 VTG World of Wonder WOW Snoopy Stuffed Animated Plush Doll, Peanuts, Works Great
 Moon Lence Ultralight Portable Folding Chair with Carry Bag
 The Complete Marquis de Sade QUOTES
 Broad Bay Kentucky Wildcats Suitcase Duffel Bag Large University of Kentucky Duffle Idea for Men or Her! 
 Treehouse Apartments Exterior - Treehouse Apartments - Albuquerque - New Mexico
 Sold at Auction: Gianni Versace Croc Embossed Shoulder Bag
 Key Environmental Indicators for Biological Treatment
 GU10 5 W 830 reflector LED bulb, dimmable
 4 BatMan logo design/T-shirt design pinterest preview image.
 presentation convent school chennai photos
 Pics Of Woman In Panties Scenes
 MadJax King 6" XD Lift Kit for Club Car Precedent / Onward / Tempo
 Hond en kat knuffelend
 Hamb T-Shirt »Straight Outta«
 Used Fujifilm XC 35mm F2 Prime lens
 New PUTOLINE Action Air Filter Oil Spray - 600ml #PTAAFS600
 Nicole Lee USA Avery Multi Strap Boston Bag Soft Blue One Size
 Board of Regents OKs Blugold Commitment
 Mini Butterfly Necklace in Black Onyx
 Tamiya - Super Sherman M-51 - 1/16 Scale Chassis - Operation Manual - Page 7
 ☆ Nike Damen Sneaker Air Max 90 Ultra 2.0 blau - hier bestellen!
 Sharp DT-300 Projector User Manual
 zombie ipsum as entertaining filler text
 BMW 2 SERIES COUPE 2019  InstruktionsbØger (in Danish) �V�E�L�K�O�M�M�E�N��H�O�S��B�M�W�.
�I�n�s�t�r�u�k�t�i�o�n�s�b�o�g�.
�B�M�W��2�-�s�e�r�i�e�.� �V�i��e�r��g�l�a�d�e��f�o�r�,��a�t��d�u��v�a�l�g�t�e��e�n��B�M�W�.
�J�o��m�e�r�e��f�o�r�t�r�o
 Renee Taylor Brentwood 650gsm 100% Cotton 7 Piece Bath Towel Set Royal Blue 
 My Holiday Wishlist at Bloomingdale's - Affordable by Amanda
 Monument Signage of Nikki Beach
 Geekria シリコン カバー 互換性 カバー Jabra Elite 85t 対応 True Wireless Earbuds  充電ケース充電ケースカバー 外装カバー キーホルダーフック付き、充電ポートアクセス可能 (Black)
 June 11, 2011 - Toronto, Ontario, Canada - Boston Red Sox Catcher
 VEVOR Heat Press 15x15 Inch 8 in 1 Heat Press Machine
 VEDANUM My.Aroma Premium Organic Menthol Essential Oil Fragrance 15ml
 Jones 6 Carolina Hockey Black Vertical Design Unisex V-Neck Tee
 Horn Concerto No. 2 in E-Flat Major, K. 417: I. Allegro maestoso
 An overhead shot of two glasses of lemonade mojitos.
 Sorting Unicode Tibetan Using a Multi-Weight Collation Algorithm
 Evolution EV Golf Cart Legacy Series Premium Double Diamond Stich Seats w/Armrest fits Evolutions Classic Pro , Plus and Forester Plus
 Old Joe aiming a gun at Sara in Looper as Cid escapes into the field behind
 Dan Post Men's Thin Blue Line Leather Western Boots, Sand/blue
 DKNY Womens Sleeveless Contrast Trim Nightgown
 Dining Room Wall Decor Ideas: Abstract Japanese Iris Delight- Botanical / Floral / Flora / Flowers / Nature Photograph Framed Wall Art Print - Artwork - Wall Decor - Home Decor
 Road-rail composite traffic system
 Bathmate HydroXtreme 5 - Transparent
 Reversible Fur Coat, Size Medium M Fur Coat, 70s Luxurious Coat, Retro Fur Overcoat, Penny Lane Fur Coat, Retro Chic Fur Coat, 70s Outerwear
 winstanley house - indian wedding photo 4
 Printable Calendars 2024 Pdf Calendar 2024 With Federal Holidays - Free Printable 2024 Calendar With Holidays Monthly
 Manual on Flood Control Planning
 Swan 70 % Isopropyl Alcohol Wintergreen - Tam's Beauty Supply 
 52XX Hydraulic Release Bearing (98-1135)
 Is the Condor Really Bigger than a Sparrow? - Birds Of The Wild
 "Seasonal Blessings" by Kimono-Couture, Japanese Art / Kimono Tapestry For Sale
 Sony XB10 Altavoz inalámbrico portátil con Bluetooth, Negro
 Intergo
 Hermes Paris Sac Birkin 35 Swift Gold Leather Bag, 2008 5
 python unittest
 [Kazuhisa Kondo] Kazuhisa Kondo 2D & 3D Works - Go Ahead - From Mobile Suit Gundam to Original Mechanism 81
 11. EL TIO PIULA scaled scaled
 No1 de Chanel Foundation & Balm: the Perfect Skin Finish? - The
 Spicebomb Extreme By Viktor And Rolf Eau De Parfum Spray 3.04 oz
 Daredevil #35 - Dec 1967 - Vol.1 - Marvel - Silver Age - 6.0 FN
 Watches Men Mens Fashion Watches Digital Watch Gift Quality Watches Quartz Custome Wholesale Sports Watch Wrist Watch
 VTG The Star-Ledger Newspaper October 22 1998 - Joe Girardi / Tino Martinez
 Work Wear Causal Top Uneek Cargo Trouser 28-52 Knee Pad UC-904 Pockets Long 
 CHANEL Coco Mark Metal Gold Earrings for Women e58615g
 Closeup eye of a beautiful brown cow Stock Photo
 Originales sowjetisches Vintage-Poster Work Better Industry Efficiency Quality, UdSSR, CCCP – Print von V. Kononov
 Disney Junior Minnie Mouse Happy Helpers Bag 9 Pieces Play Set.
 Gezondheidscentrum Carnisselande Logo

#### [Task to carry out]
Repeat the lines above, from the one containing "Disney Junior Minnie" to the final line, word for word and with nothing else.

#### [Task result]
 Disney Junior Minnie Mouse Happy Helpers Bag 9 Pieces Play Set.
 Gezondheidscentrum Carnisselande Logo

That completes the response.